I had left the second critique group I mentioned in yesterday's post and had not yet found the critique group that was the best thing that ever happened to me. I met a fellow struggling author at a conference. We lived fairly close to each other and we hit it off. A friendship developed, based largely on critiquing each other's manuscripts and drinking bitter tea. 

I'll spare you the red flags I should have noticed. The point is this: she was the first person to read SPEAK. She wrote me a three-page, single-spaced critique of the manuscript. It was the most damaging three pages I ever held in my hands. She did not critique the book. She attacked me, personally, for what I wrote about and how I wrote it.
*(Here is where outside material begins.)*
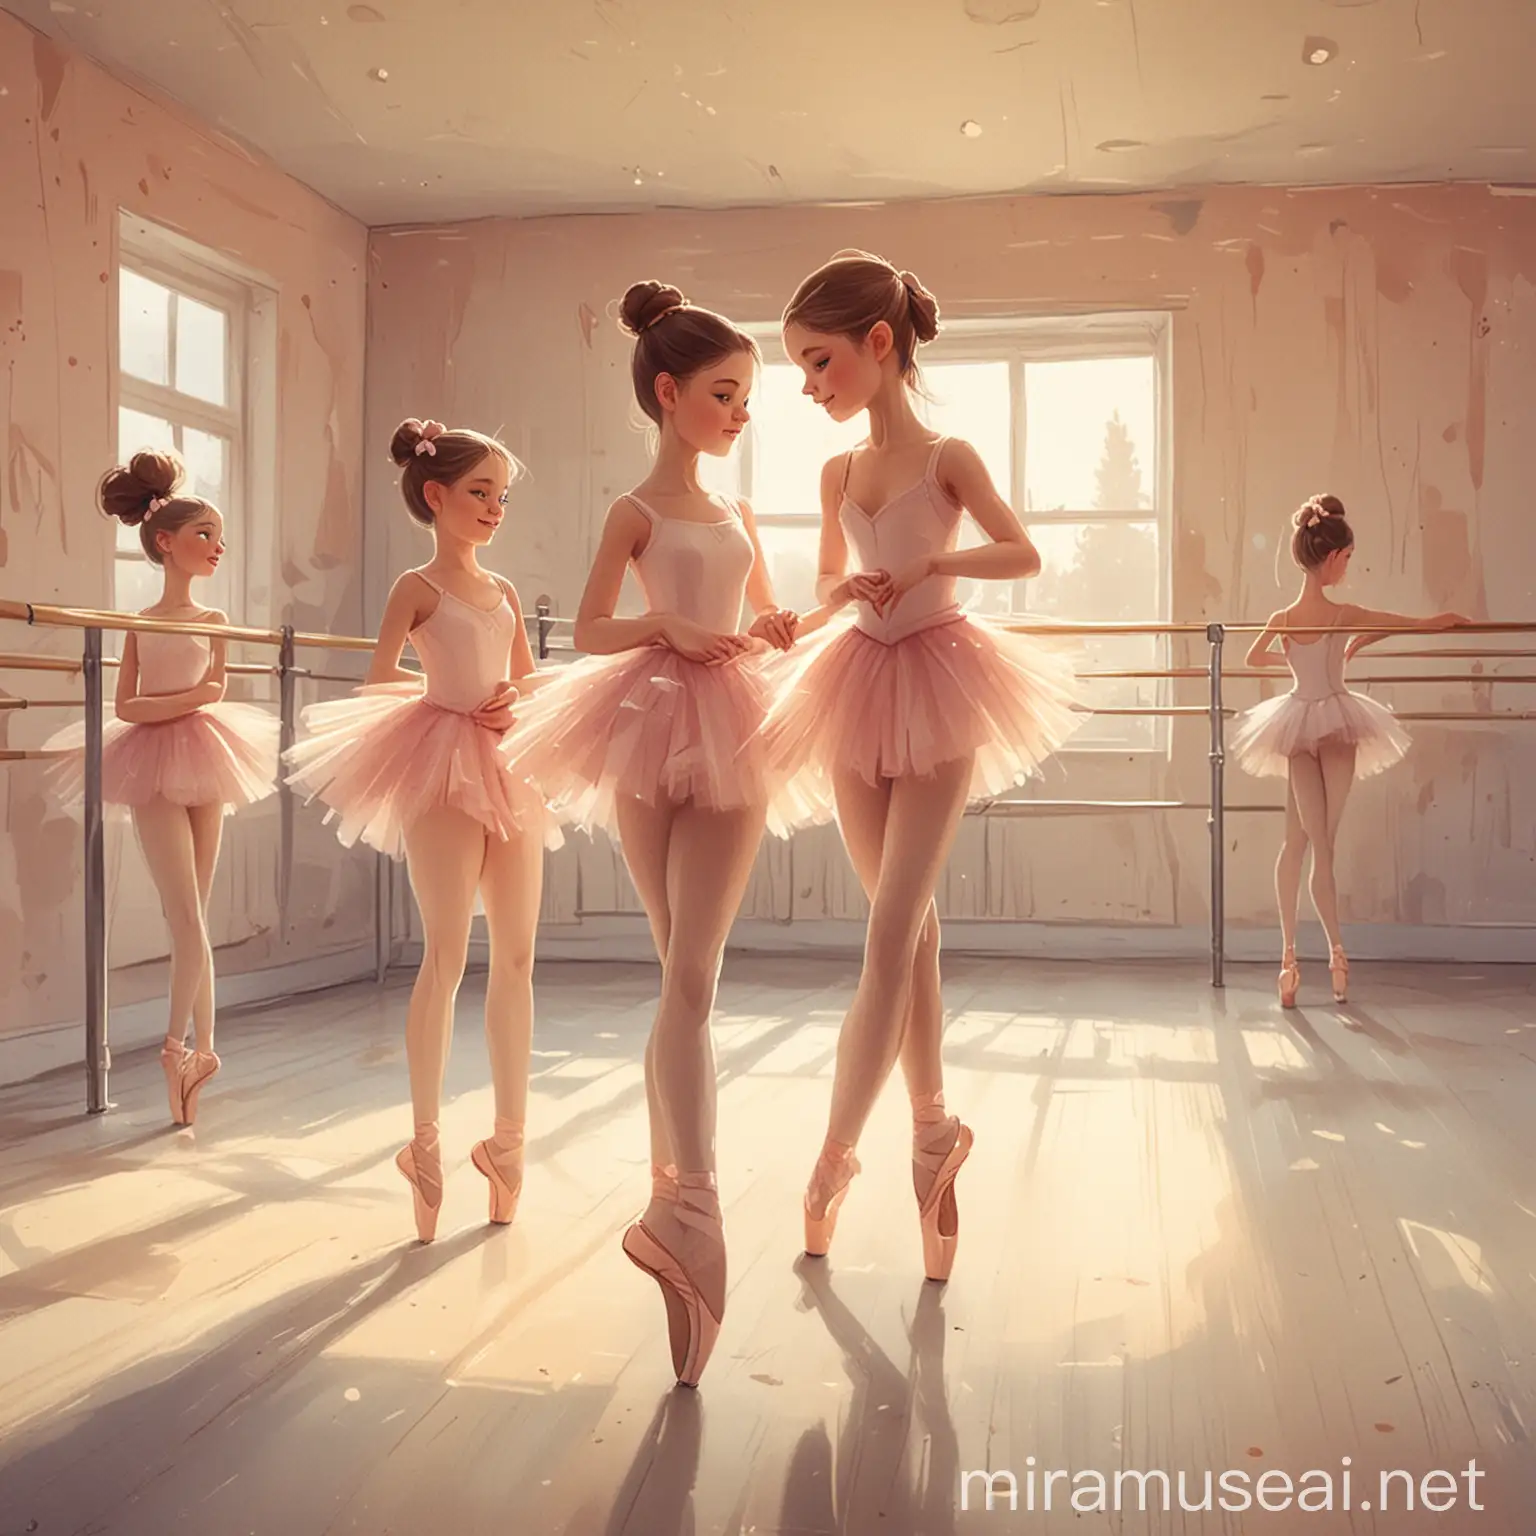 Cartoon Ballerinas Standing on Pointe in Dance Studio

She eviserated me.

It was the nicest thing she could have done.

Her response was so over-the-top hateful that it made me step back and look at our relationship. I realized that I had given her all the control. I had allowed her to say hurtful things to me in the past without challenging her. I'd brushed off her nasty critiques of my other manuscripts by convincing myself that she was trying to make me better.
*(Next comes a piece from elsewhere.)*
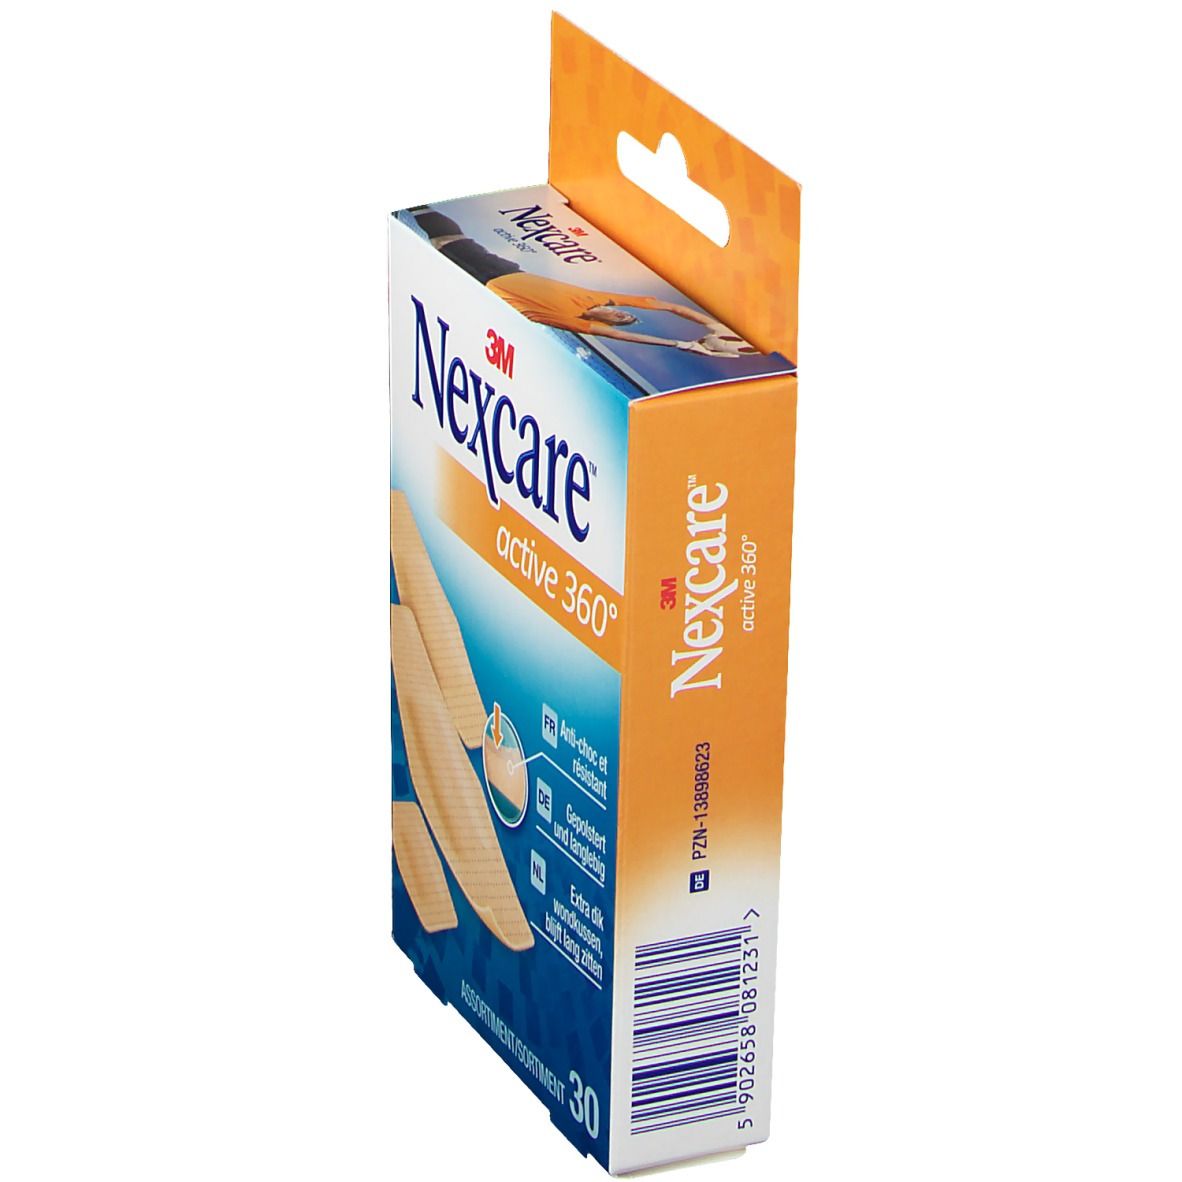 Nexcare™ Active 360° Pflaster beige steril

She'd done the same thing that my high school art teacher had done to me. I LOVED art when I was a kid. I loved drawing and painting and mucking around with clay and paper maiche until that art teacher told me I sucked. He said I had no talent and then he ignored me for the rest of the year. I was young and still thought adults knew what they were talking about so I believed him. I didn't draw another thing for thirty years.

(I draw now. And I paint. And I muck around with clay and all sorts of things.)

People who care about you and your dreams will not attack. They will work with you to find out where you are with a draft, what kind of information would be helpful to you as you consider your next revision. They will never call you names or put down your lofty goals. They will support you the way that you support them.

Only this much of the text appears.